見よや輝く寮の灯の 今宵は二十五年祭 文武の綾にをどしたる 鎧の袖に花受けて ()むや生命(いのち)詩筵(うたむしろ) 響はゝるか(あめ)(はて) 6番歌詞 宵に灯をともし輝く寄宿寮の灯を見よ。今宵は寄宿寮の二十五周年祭である。文武両道に秀でた一高生の肩に桜の花が散り落ちる中、寮歌祭で酒を酌み交しながら寮歌を高誦すれば、歌声は天まで響きそうである。

「今宵は二十五年祭」
 開寮二十五周年紀念祭。

「文武の綾におどしたる」
 文武両道を鍛えた。一高生は単なる秀才ではなく、文武両道に秀でることを求められた。「おどす」は緒を通す意で、鎧の札(サネ)を紐や革で結びつけること。「綾」は、模様。技巧。

「鎧の袖に花受けて」
 「鎧の袖」は、鎧の上の肩の上を蔽い、矢・刀剣を防ぐもの。

「響はゝるか(あめ)(はて)
 「響はゝるか」は、昭和10年寮歌集で「響ははるか」に変更された。

「酌むや生命(いのち)詩筵(うたむしろ) 響ははるか(あめ)(はて)」
 寮歌祭で紀念祭寮歌を大きな声で歌って、歌声は天まで響きそうである。
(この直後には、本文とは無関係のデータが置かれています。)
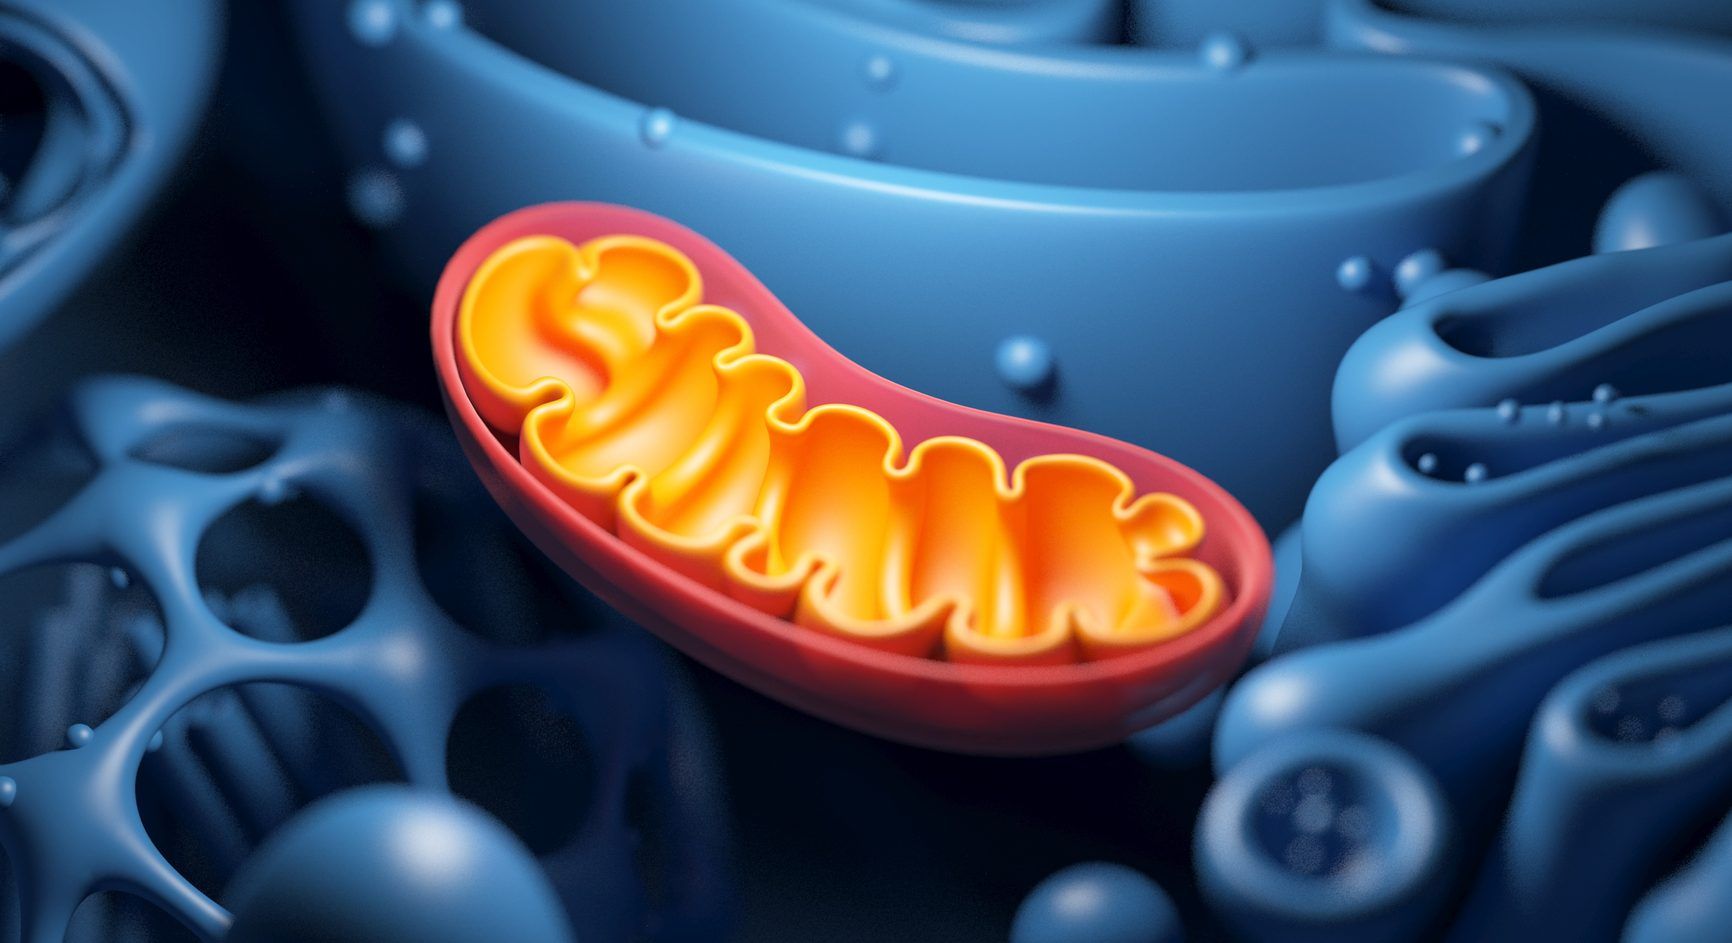 An illustration of mitochondria

「生命の詩」は寮歌、「詩筵」は詩の宴会、すなわち寮歌祭(紀念祭)である。
                        
先輩名 説明・解釈 出典
井上司朗大先輩 この歌の第二節後半がわが柔道部の対二高第三回戦(明治43年4月) 第三節後半がその第四回戦(大正3年1月)乃至野球部の早慶に対する悲痛なる連敗を暗にうたったものである。
・・・夜の六寮を描いて、かくの如くふかさを湛えたものは、すくない。『霊の思ひ(そのまま)の深くてか、見よ六寮の灯は明し』という寮を外から見た描写は、そのままその内部の自習室の机の上に垂れ下がる電灯のした、時に静かに頁をくる音や、時に眼をつぶり窮理の思索に心を凝らしている寮生の吐息まできこえさせる。